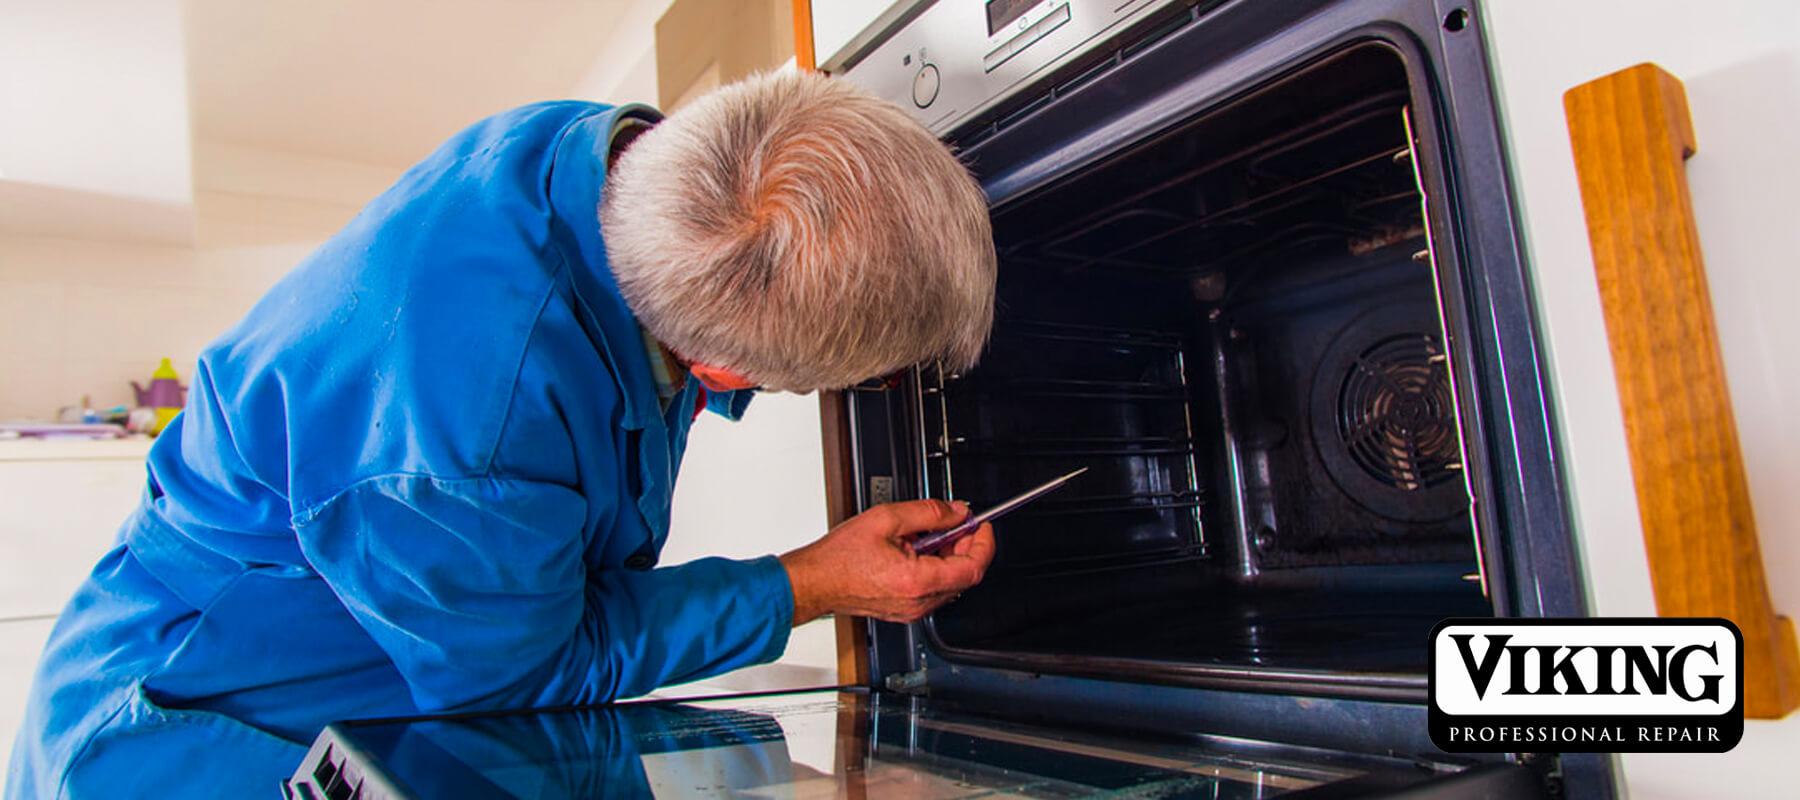 Certified Viking Appliance Repair Palm Springs | Professional Viking Repair
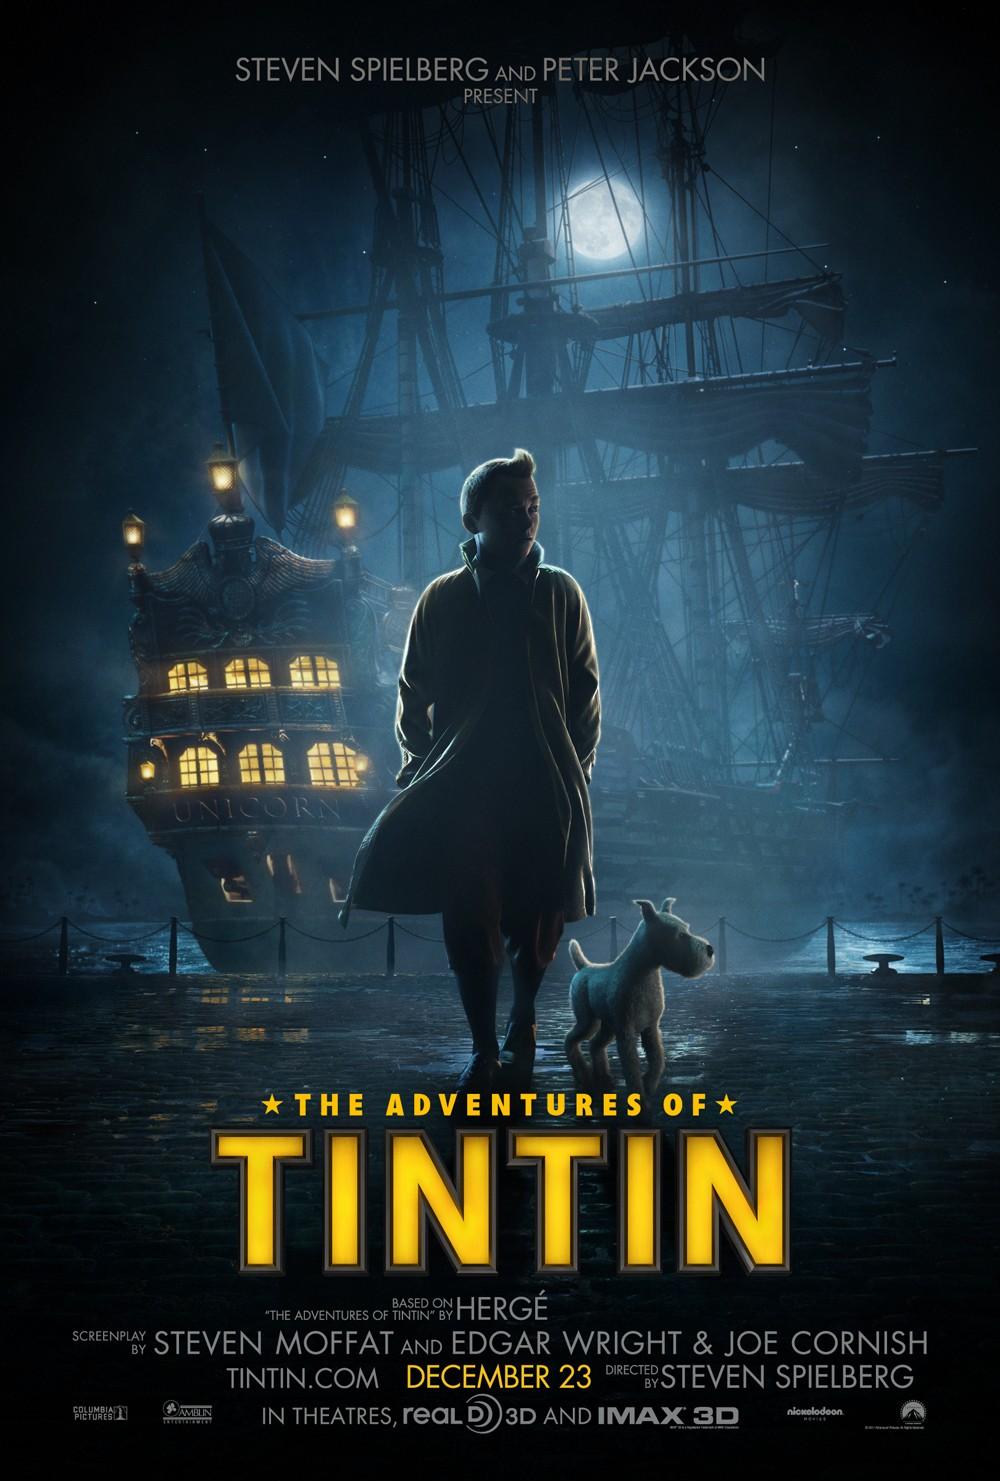 Tintin de Steven Spielberg (2011)
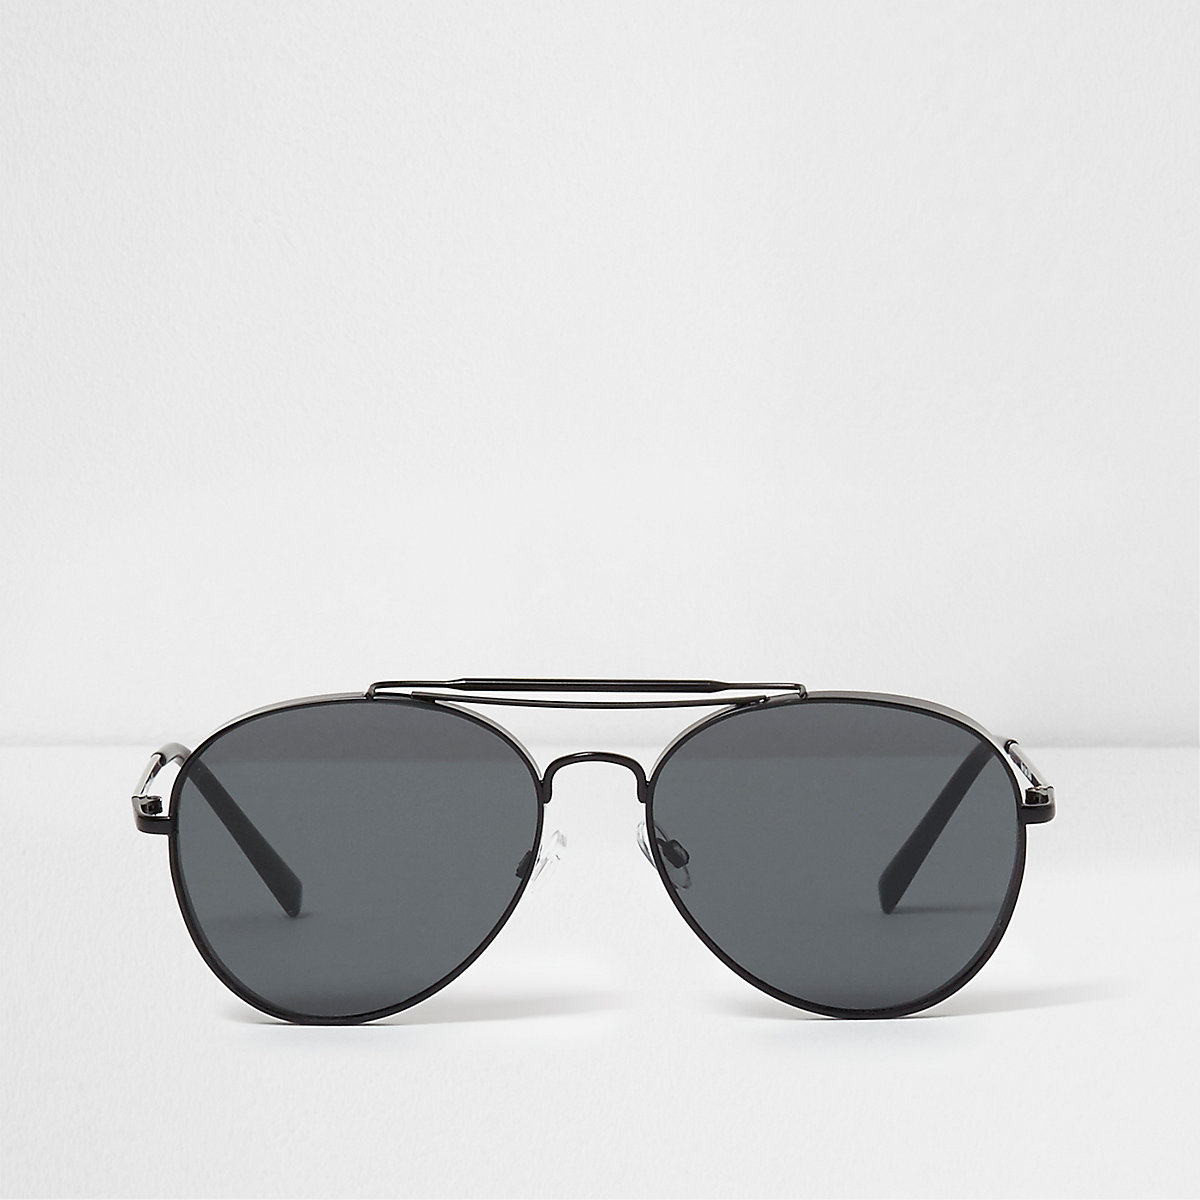 Black smoke lens oval aviator sunglasses
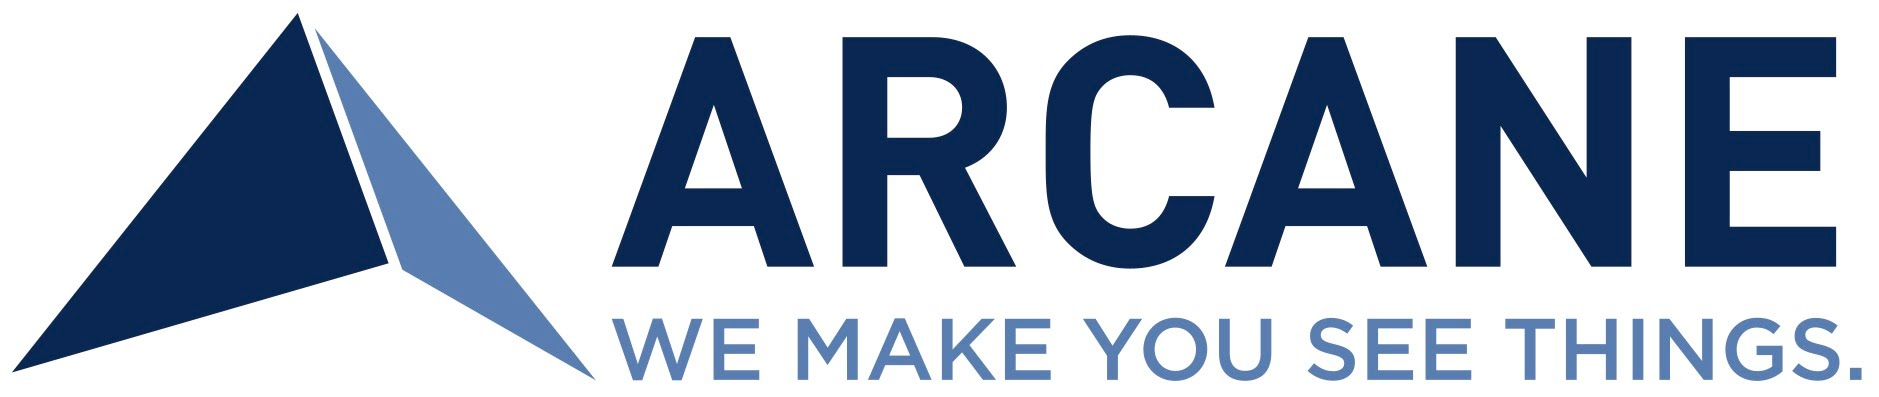 www.arcane-technologies.com

______________________________

#### What you should do
Give the data again word for word, without images.

#### Exercise answer
 Certified Viking Appliance Repair Palm Springs | Professional Viking Repair
 Tintin de Steven Spielberg (2011)
 Black smoke lens oval aviator sunglasses
 www.arcane-technologies.com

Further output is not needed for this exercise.